The work of Burning Man artists is civic work. It brings people together in shared spaces to accomplish something that elevates the human spirit. There is a continuum of participant to practitioner, of creative citizen to artist. Burners apply their abilities in logistics, aesthetics, and sheer endurance to education, clean-up, and disaster relief as naturally as they do to welding metal or programming light arrays.
In one of this year’s most impressive expressions of the symbiotic relationship between arts and civics, a group of Burners in Washington, D.C., pulled off what to many seemed unthinkable: a burn on the Mall. Yes, The National Mall in Washington, just steps from the White House and down the road from the U.S. Capitol. Event organizers came together to produce a two-day event called Catharsis, which combined Burning Man culture with political activism and culminated with the burning of an effigy. The burn marked the first time since World War II that a bonfire has been permitted on the National Mall.

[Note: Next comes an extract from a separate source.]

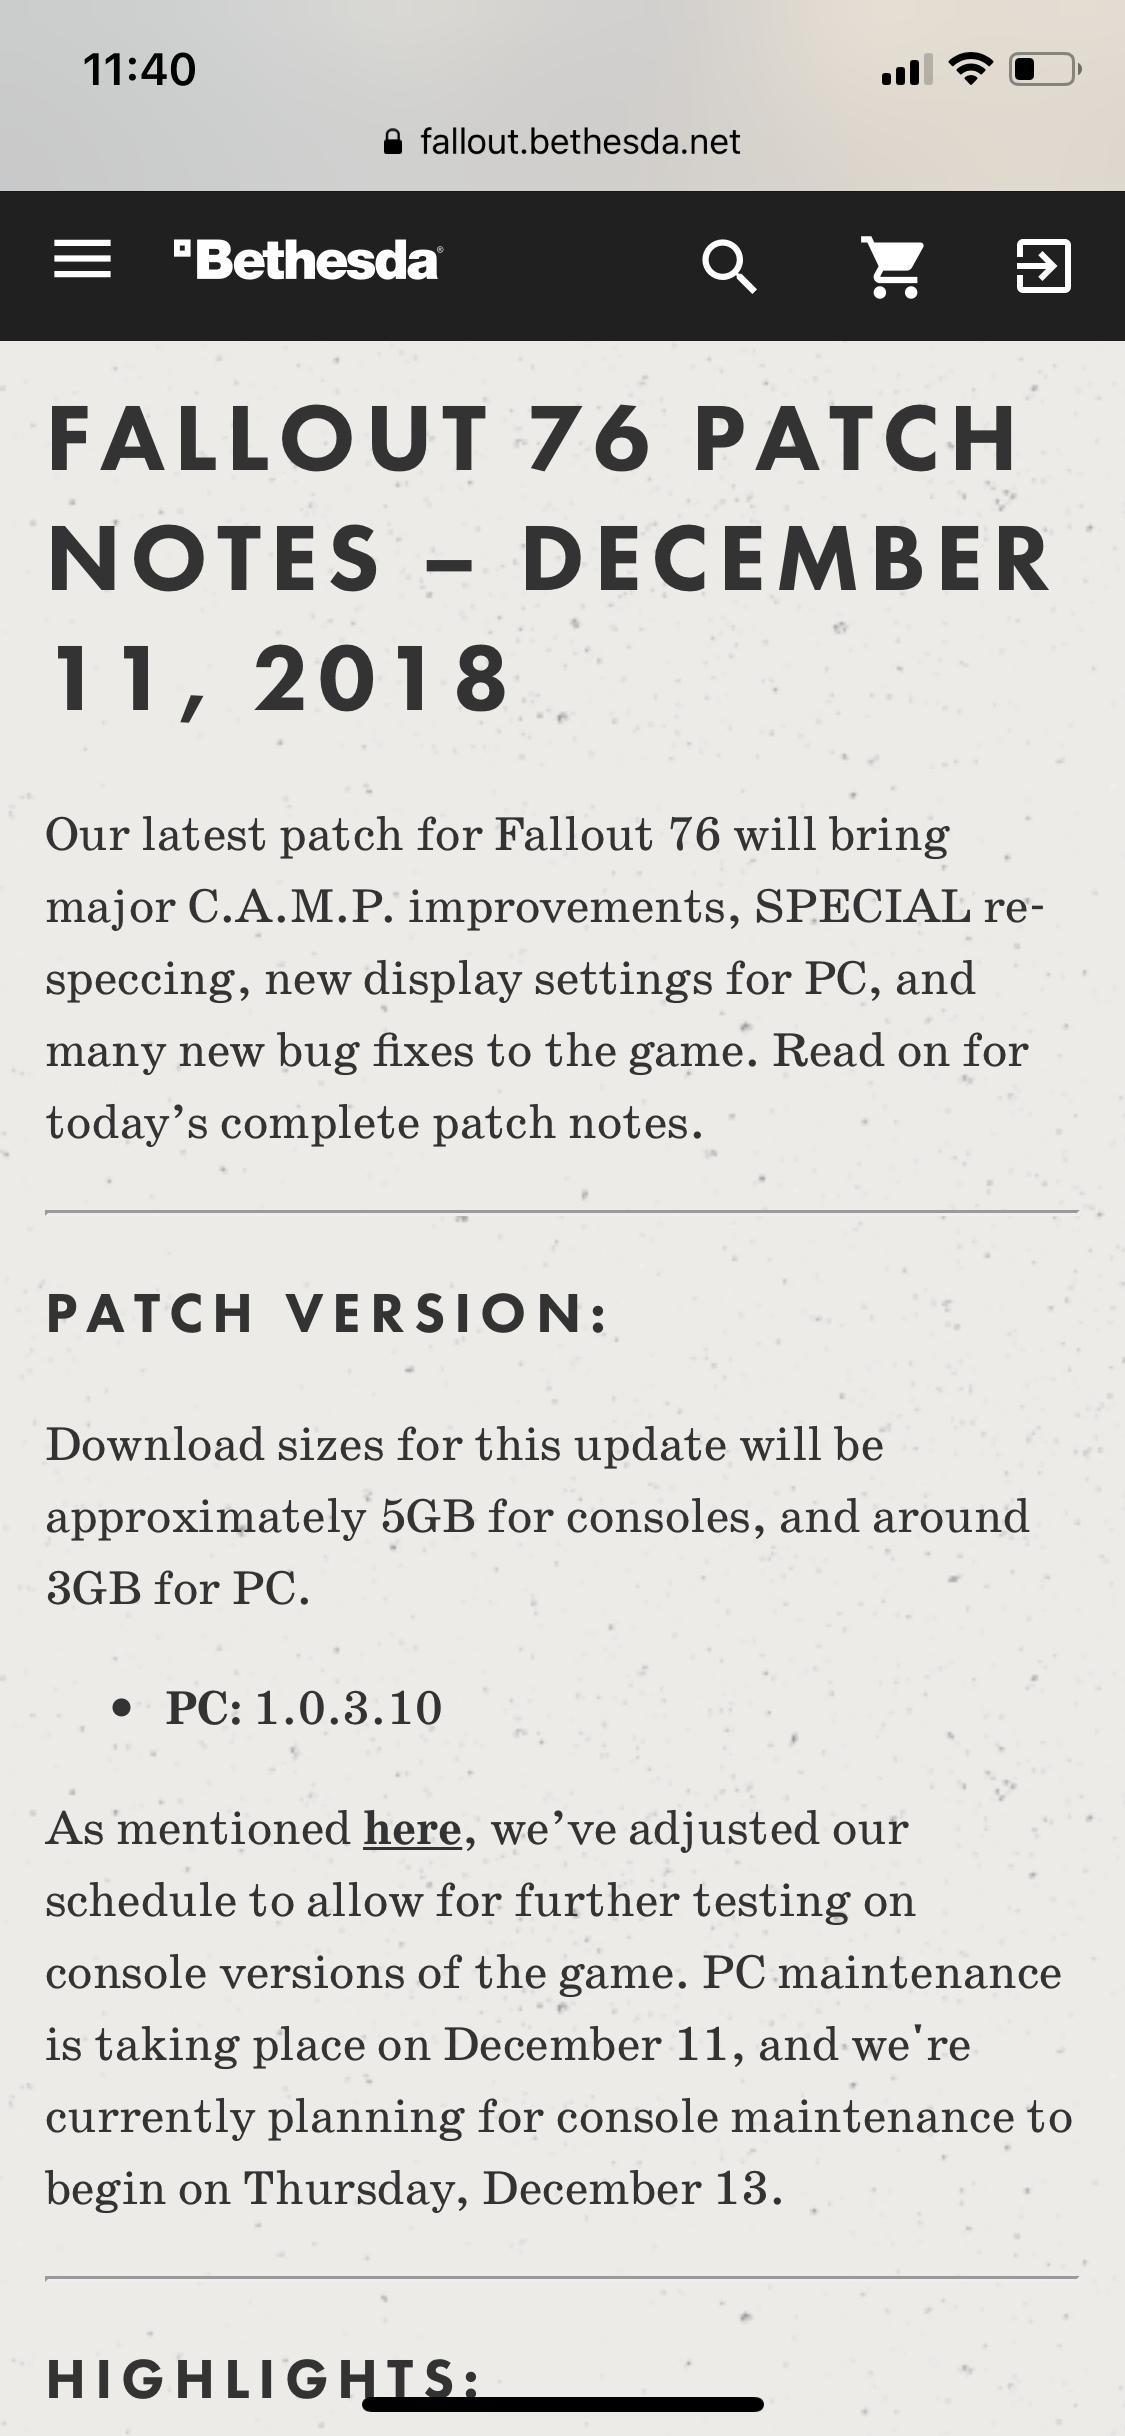 Bethesda: Fallout 76 Coming | Page 8 | MacRumors Forums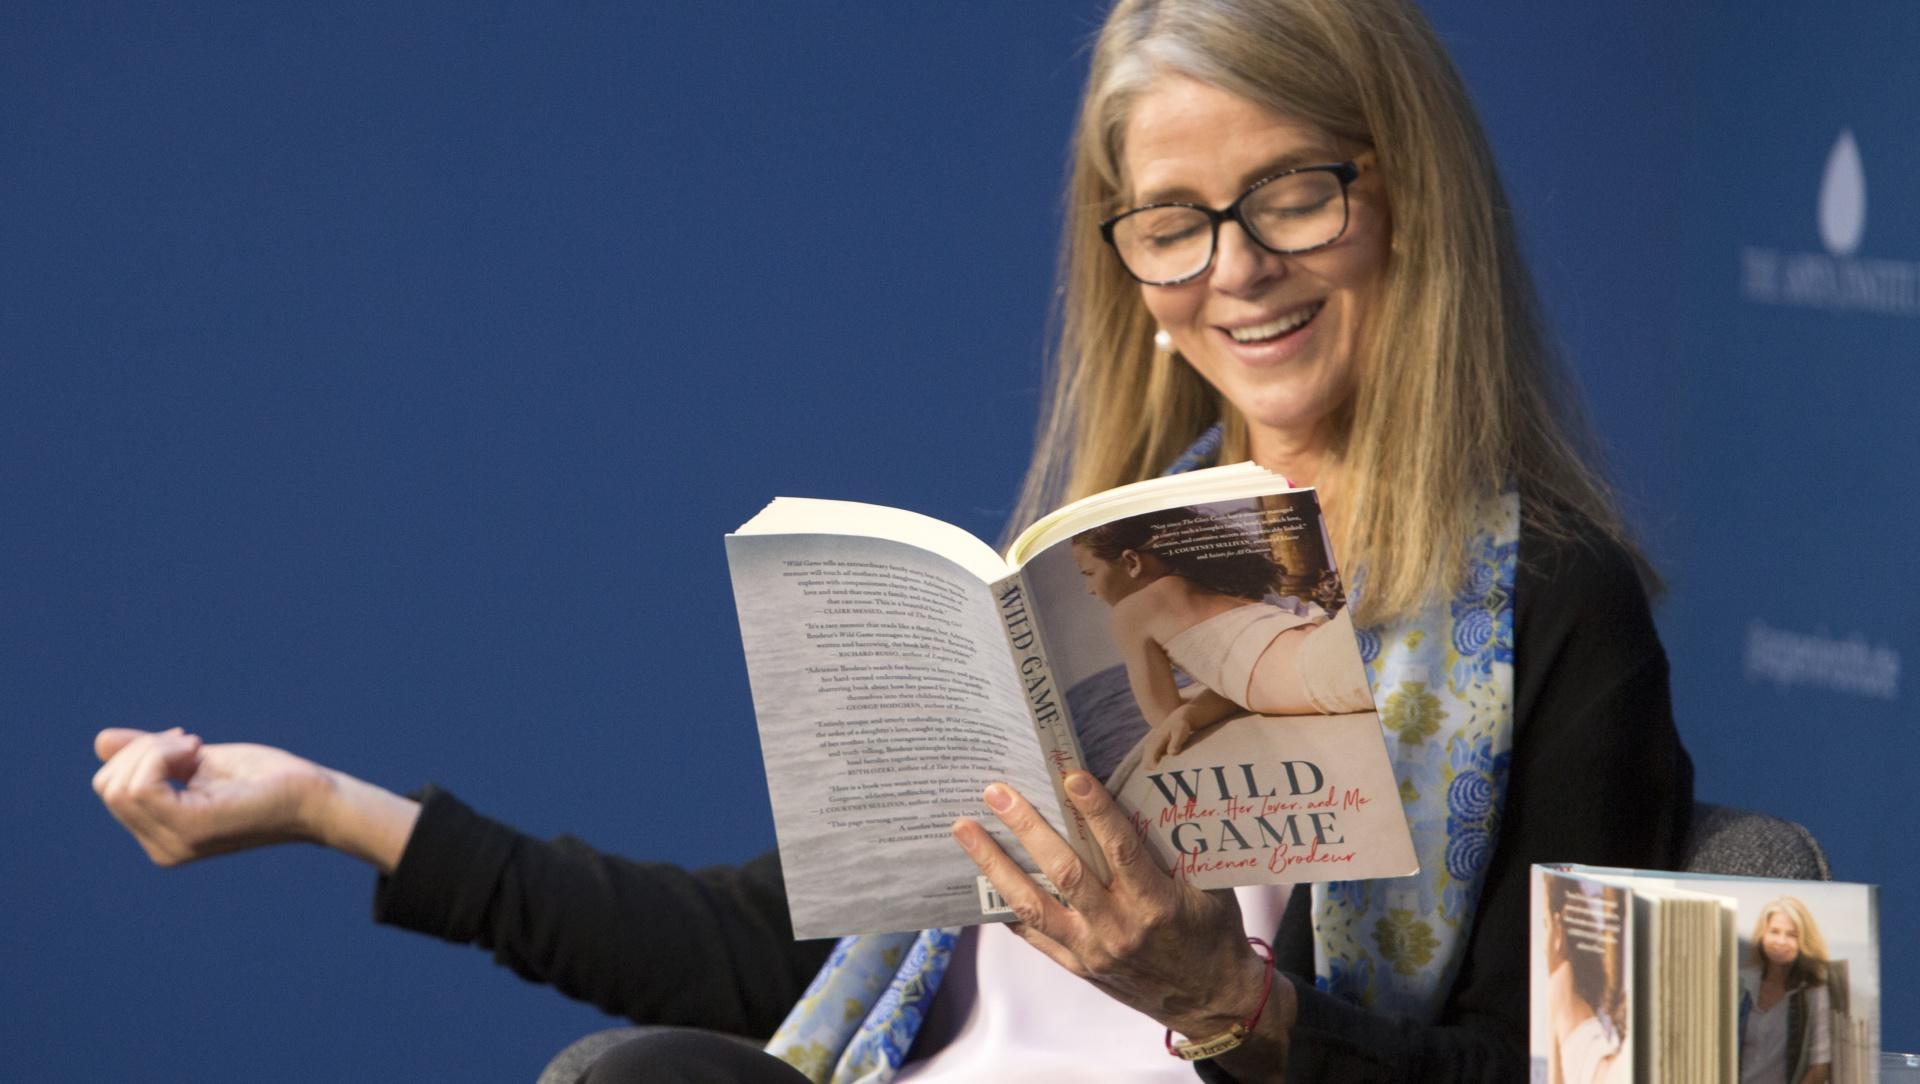 Adrienne Broduer reading an excerpt from her memoir Wild Game.

Our very own Burners Without Borders (BWB), meanwhile, has encouraged this confluence of art and civic work. Its goal has been to unlock the creativity of local communities to solve problems and to bring about meaningful change.
Since its inception in 2005 with relief efforts after Hurricane Katrina, BWB has initiated over 135 grassroots projects in 24 countries.
In 2015, BWB celebrated its 10th anniversary and boasted 19 active chapters. It also announced the transition to Burning Man Project, bringing BWB into the fold as an official program of Burning Man Project in the newly formed Art & Civic Engagement Department. In this transition, Carmen Mauk passed the torch of BWB leadership to former BWB board member Christopher Breedlove.
In 2015, BWB started to broaden its concept of what “disaster” means in terms of relief efforts. Beyond natural disasters, there are many types of disasters that happen all over the world, including social, humanitarian, economic and ecological, and BWB is learning to respond to those as well. BWB has evolved to become an ongoing partner to communities focusing on long-term resiliency and activating an engaged citizenry.
2015 Burners Without Borders activities include:
- Providing support and educational services to the Lake County Tool Library in California, working on the disaster left by wildfires.
- Supporting its sister organization, Communitere, as it set up shop in its third location, Nepal, after the earthquakes there.
- Launching a reimagined version of their “BWB Day of Service,” reframing it as the “128 Initiative,” a challenge to each of the Burning Man Regional areas to start a civic project. The initiative received 21 projects from six countries and 11 U.S. states. Collectively the projects engaged 1,981 people.
In Texas, Burners Without Border Corpus Christi (BWB-CC) continued work on the Burner Beach project, in which they adopted over seven miles of beach used for recreational activities. What started as eight friends cleaning up the beach has turned into seasonal events on the land that include not only a beach clean-up but an effigy burn. The volunteers invite locals and visitors to join in on the fun and educate them about responsible land usage and Leave No Trace efforts.
Burning Man Project believes that people have the inherent capacity to solve their own problems, and that social transformation is within reach of all communities. To promote this concept, BWB sparks new initiatives through two micro-grant programs. These give honoraria to projects around the globe that can leverage small amounts of money into big impact. Ten projects and organizations received BWB grants in 2015, and three received Walk the Talk grants.